Dare to Lead by Brené Brown

Dare to Lead: Brave Work. Tough Conversations. Whole Hearts.  - Brené Brown

This was mostly a wrong turn in my “learn how to be a supervisor in the middle of a pandemic” quest. It seems to have received more attention from fans of the author’s other work than people looking for business books, and so perhaps unsurprisingly, it’s much more a self-help book than a management book. Mostly it’s peddling the author’s particular version of emotional authenticity and connectedness. I don’t know that there’s anything bad about her vision per se, but I found the book off-putting: the peculiar phrasing she uses in her workplace (“let’s rumble about this,” “that’s outside of my integrity,” and so on), the self-help-y unspoken assumption that seems to saturate its pages that those who don’t see the light of her vision will bumble around blindly leading terrible lives. Admittedly, I don’t think much of self-help books.

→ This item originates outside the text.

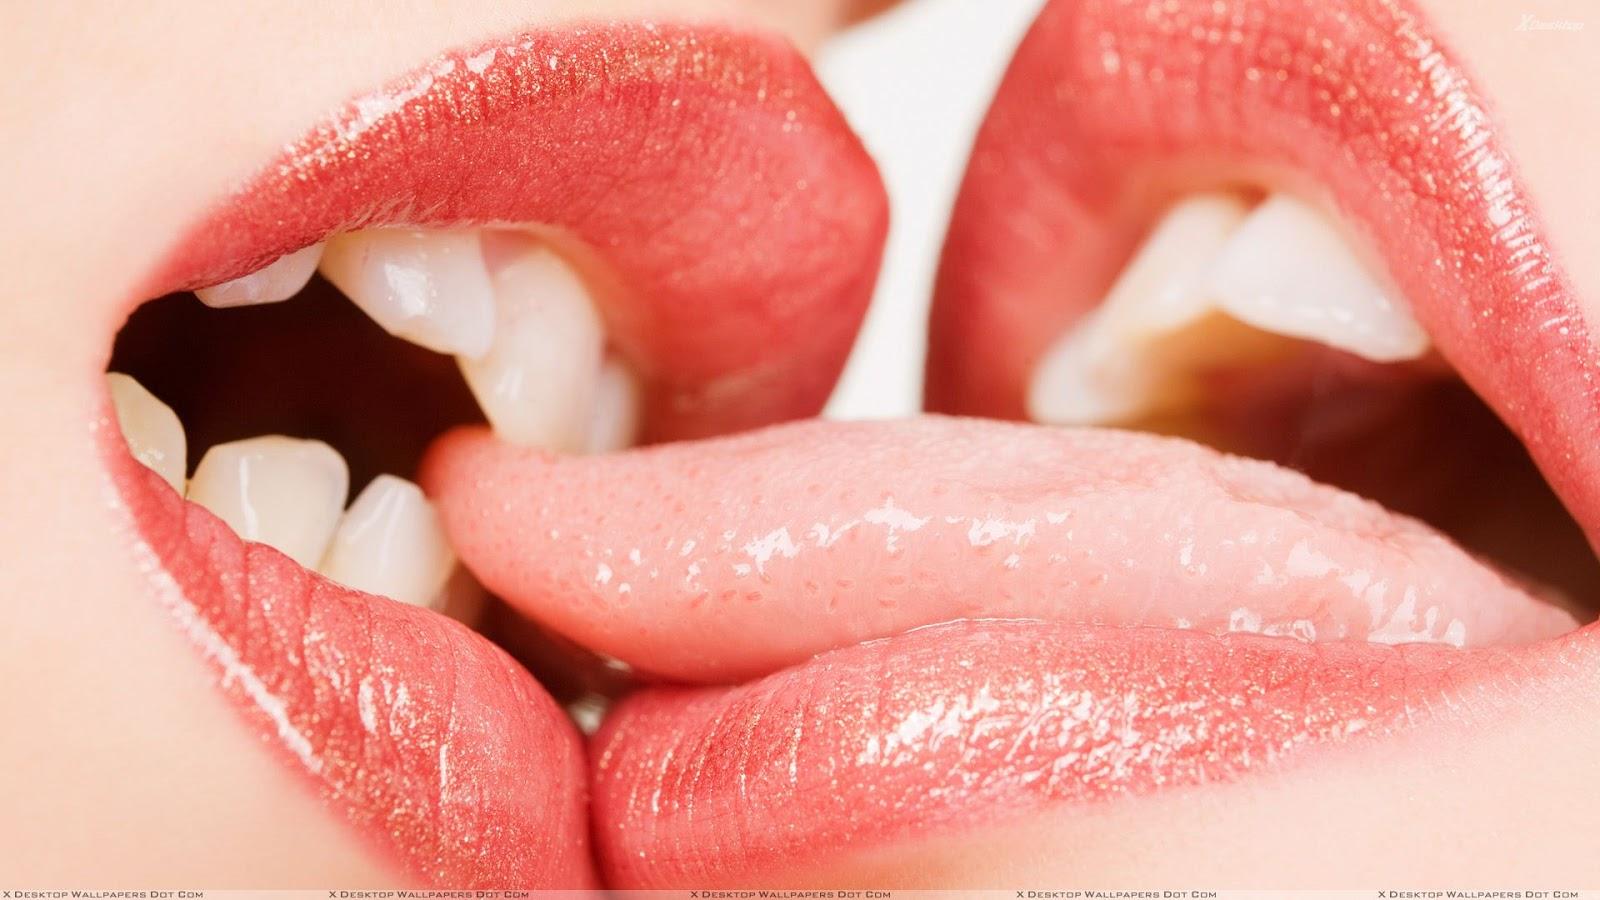 top Kissing wallpaper hd 2013.jpg

They’re quick and easy reads, as this is, but they rub me the wrong way.

 

And unfortunately, for all the author touts her Ph.D. and calls herself a researcher, this is very much self-help rather than pop psych. Typically, a pop psych book will discuss studies and their methodologies and results in an accessible way for a general audience. This author claims to have done a bunch of research, but her methodology is never discussed beyond vague references to interviewing people. And she never cites a single statistic, instead presenting the One True Way to Be Empathetic, for instance. Somehow I’m pretty sure no psychological research shows 100% unanimity on anything, unless it’s total softball questions like “is murder generally wrong?” At what point does “I talked to a bunch of people about this, and here’s the general consensus” cross the line from anecdote to science? I don’t know, but I’m not convinced this work has done so.

 

That said, certainly there’s plenty of common sense advice here, like “be clear about what specifically you’re asking people to do” and “try to be nonjudgmental if you want people to feel safe talking to you.” I think the book is a little overly padded with the author quoting long excerpts of people (particularly famous people) praising her work, and it’s probably most useful if you are the head of an organization looking to transform a workplace culture. It kind of annoyed me, but then it’s not my type of thing to begin with.